Se comprometió con Donald Trump y tiene la intención de mantenerlo. Giorgia meloni, asegurada de él, no fue rayada por las protestas de las oposiciones, escandalizada para el gesto de Steve Bannon en el CPAC. Escuchó la delegación de la IED en la Convención de Conservatorios en Washington, y le aseguró que no era un saludo nazi, sino un gesto de incitación al final del habla, seguido de saludos militares y golpes cerrados levantados en el aire. Entre otras cosas, el ex estratega controvertido de la Casa Blanca había participado unas horas antes en la mesa redonda que aprobó una moción pro-Israel, y en la audiencia del evento había numerosos judíos. El nudo parece haberse disuelto: la cara del primer ministro aparecerá en la pantalla gigante alrededor de las 7.15 pm italiana. Queda por entender si con un videojuego en vivo o con un mensaje grabado. También en esto se habría reflejado en las últimas horas antes de derretir el nudo.
Jordan Bardella está detrás
No hay paso atrás, al final, como el de Jordan Bardella, líder de Rassemblement National, los soberanos franceses que compiten en ECR a la derecha en Europa en los Patriots. La tercera intervención de Meloni será para lo que se llama la reunión más grande e influyente de conservadores del mundo, donde el eco de las estocadas de la Casa Blanca resuena contra el antiguo continente. No tan diferente de los tonos con los que en 2019 en el CPAC, como líder de “un pequeño pero orgulloso partido conservador”, Meloni denunció la “crisis de la democracia de Europa”. Tres años más tarde regresó como presidenta de IED y ECR, mientras que los misiles cayeron en Kiev: definió el ataque de Moscú “inaceptable”, exhortando a todos a “estar unidos” y “tomar una posición”, sabiendo “muy bien que la parte de nuestra parte es la parte del Mundo occidental ». Esta vez está invitado como jefe del gobierno italiano. En una fase de la crisis ucraniana que está presionando su intento de actuar como Bruselas y Washington Bruselas, donde fue hace un mes en el Día de la Inauguración en Trump, junto con Argentino Javier Milei, también el protagonista del día destacado del CPAC.

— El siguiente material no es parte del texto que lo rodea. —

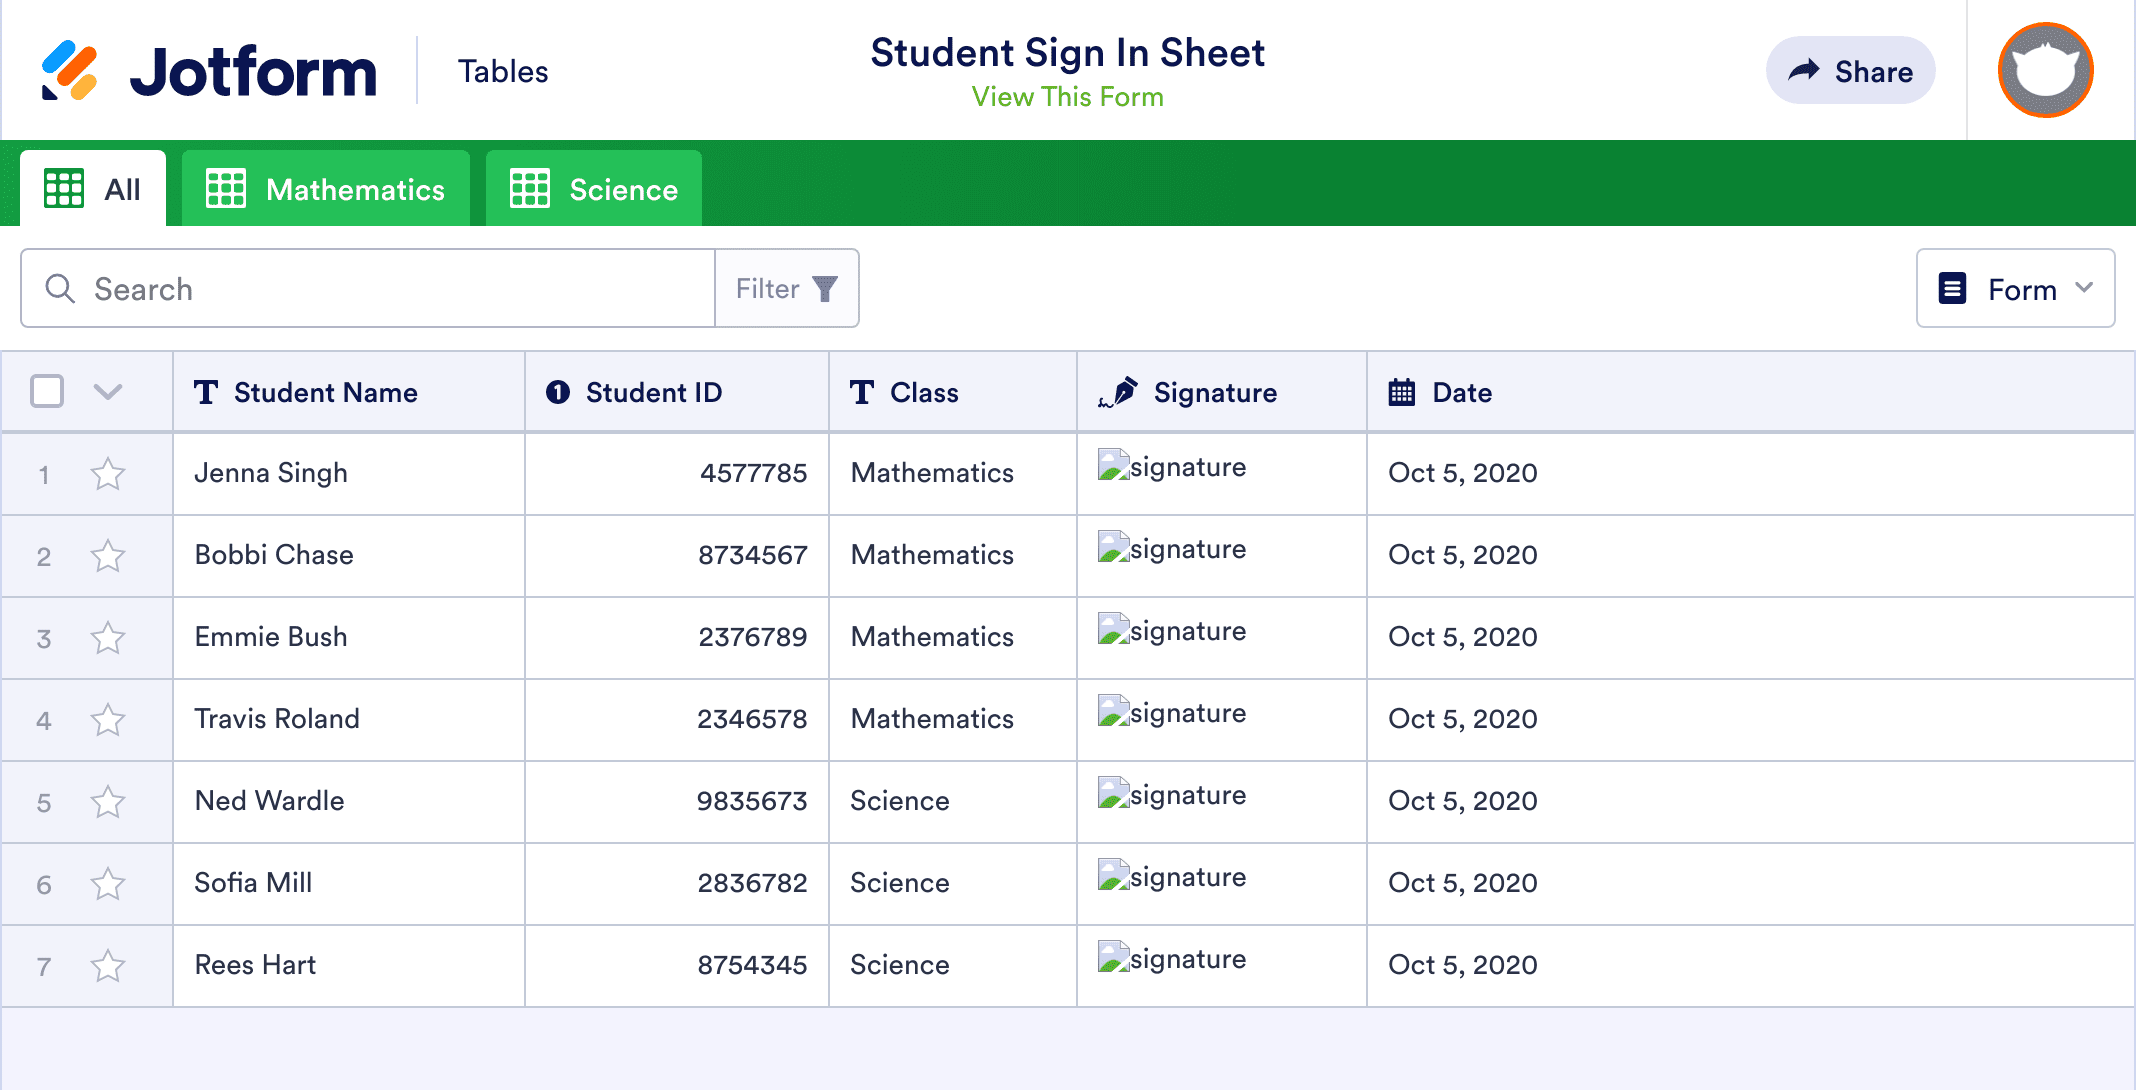 Student Sign In Sheet

Un juego jugado en equidistancia
Meloni estaría convencido, creemos en entornos de la coalición del gobierno, que la estrategia del presidente estadounidense para reducir las distancias con Moscú es principalmente anti-China. Envía “mensajes a algunos de los principales jugadores globales”, también apoyó en la conferencia de prensa a principios de año con respecto a los objetivos de Trump a Groenlandia y Panamá. Además, el Primer Ministro habría dicho: “Después de este incendio inicial, Trump necesitará Europa y tendremos que estar listos”. También en esta convicción, el intento de jugar el juego diplomático se basa equidistantemente. En el hilo de equilibrio. El día del tercer aniversario del conflicto de Palazzo Chigi se iluminará con los colores ucranianos. Pero Meloni no estará en Kiev con los líderes de la UE, ni participará en el G7 en videoconferencia, involucrado en lo bilateral con el jeque emiratino Mohammed Bin Zayed y reemplazado por el ministro de Asuntos Exteriores, Antonio Tajani.
Los pros y los contras de la estrategia
La equidistancia, creemos que en entornos gubernamentales ciertamente puede involucrar algún riesgo, pero el juego está todo abierto. Y está entrelazado con el de los deberes anunciados por Trump, considerado en Palazzo Chigi un peligro para hacer en Italia y exportaciones en los Estados Unidos. Los riesgos también están en una clave interna, porque los aliados tienen diferentes líneas: Antonio Tajani se centra en la necesidad de que Europa se mueva United, mientras que Matteo Salvini liquide la misión de Ursula von der Leyen a Kiev: «+puede ir a donde quiere , sin embargo, me parece que ha resuelto muy bien en los últimos años. Estamos con el presidente Trump ». Es mejor tener un poco de fibrilación interna, piensas en estos días desde las partes de Palazzo Chigi, que hacer el muro contra la pared con Washington o ir al choque en Europa.